Which raised one last possibility – the boat was still at Burnham Marsh. Birley had a file of shots taken from the staithe at Burnham Marsh that morning. All the vessels shown in the shallows were yachts. No sight of the sloop.
Which left one logical conclusion.
Finally, he got the best image and magnified it. There was no ugly painted registration on the side, but there was a nameplate: brass by the look of it, but even at times twenty he couldn’t read the name. He tried times thirty and the screen disintegrated into a jumble of pixels.
He copied the image and attached it to an email for Peter Shaw, with copies to Valentine and Twine.
Sir,
This boat came in from the open sea on the morning of Friday, 17 October. There is no daylight record of it leaving on the webcam and it’s not in the harbour now. The night-time footage shows a
vessel leaving – without lights – at 2.00 a.m. on the morning of 18 October. The speed is constant, so I don’t think it is possible that it stopped long enough for the body of the victim to be offloaded. It could, however, have been dumped from the moving vessel. I’ve found boats like it online – apparently it’s a ‘carvel’ in shape, and I can just about make out the rig at the back – that’s an auto-pilot. Prices start at £150,000 for such a vessel, and then go upwards. Bad news is there’s no registration and no discernible name. I’ve emailed the pic to the harbour masters along the coast.
Mark
PS. Final thought. Is there a boathouse at Burnham Marsh?
SEVENTEEN
‘The Ark, West Norfolk’s forensic lab and mortuary, was in an old nonconformist chapel behind St James’. The exterior was disfigured by a large extractor pipe in aluminium which rivalled the original Victorian bell tower. Inside, the simple nave was divided by a wooden half-partition, with glass completing the wall up to the wooden rafters. Tom Hadden’s kingdom – the forensic suite – consisted of half a dozen ‘hot desk’ bays, a small, windowless photographic lab, and a full-length ballistic tube for firing and analysing bullets. Beyond the partition lay three fully equipped mortuary bays. The wooden partition was low enough to reveal if any of the tables was occupied. Valentine’s eye caught the unmistakable clay-grey of dead flesh.
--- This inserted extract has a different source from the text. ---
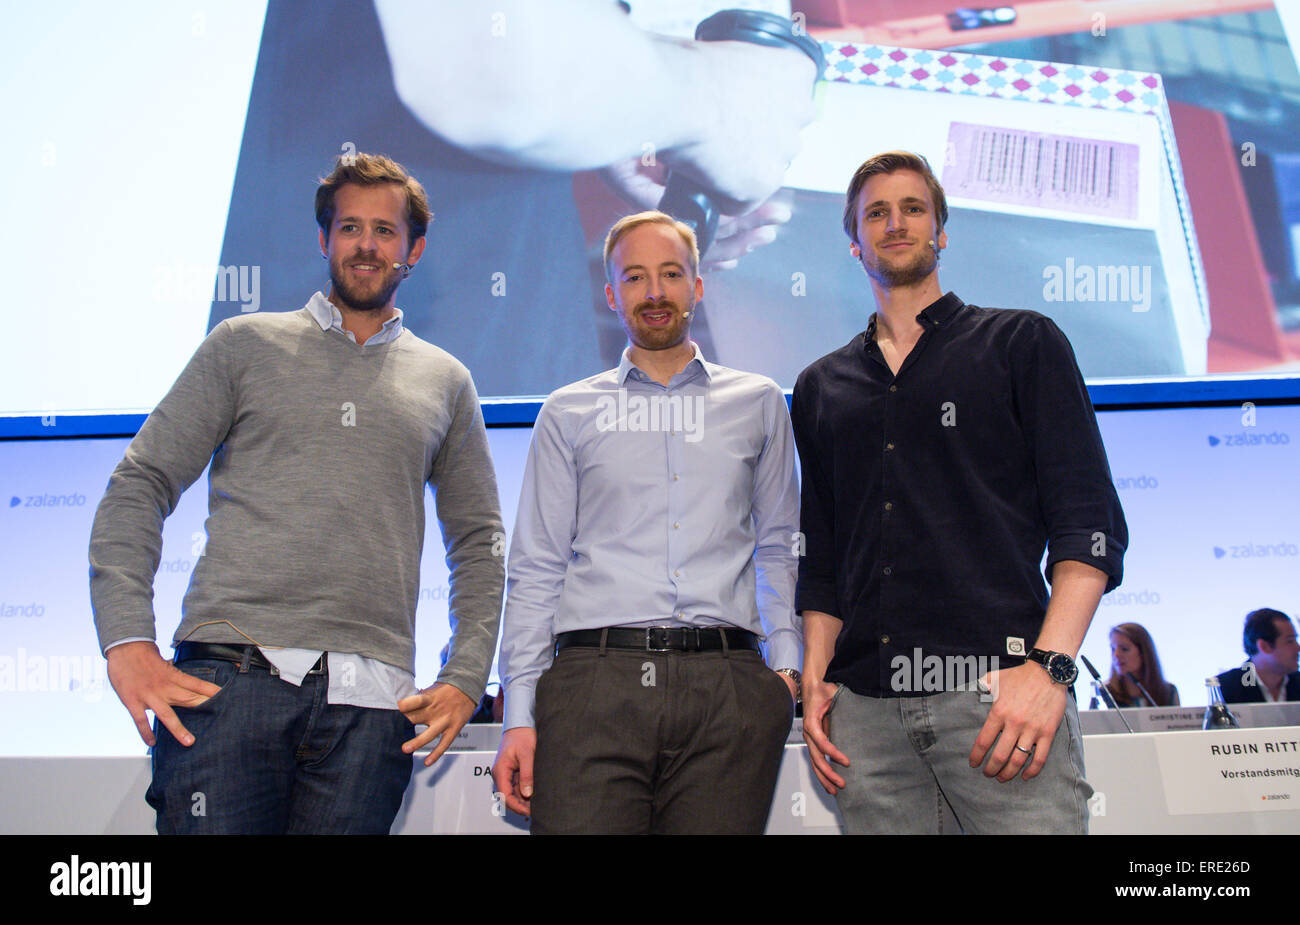 The founders and Chairmen of Zalando SE, Robert Gentz (L), David Schneider  (R), and Rubin Ritter (C), stand on stage at the start of the Zalando SE  shareholders' meeting in Berlin, Germany,

There was very little of the original church architecture left within the interior except for a single stone angel, in a niche in the end wall above the mortuary tables, which held its hands to its face, weeping, as if unable – like George Valentine – to consider the bodies of the dead, laid out so coldly below.
There was a sharp tap on the partition: a diamond ring striking the glass. Dr Justina Kazimeirz, the pathologist, was beckoning them into her world. Mid-fifties, stolid, a Polish immigrant who’d arrived in the eighties and eventually applied for citizenship. At first Shaw had put her brisk rudeness down to difficulties with the language, but Kazimeirz was simply impatient with the faults of others. She’d mellowed slightly since the recent, untimely death of her husband, Dawid. In the final months of his illness she’d taken a cottage in the dunes behind the Shaws’ café at Old Hunstanton and become a friend of the family. This friendship had been created, as they often are, by one casual, unplanned visit. The pathologist had left her husband sitting in the dunes on a dull winter’s day and gone swimming, suited up, beginning an obsession with what the trendy magazines now called ‘wild swimming’. The sleek black suit had been undermined by a swimming hat of blue with white daises on it like floral barnacles. As she walked, heavy-legged, out of the surf Shaw had met her with a flask of hot sweet tea, and then taken the couple back to meet Lena and Fran. The swim became a ritual, the tea routine.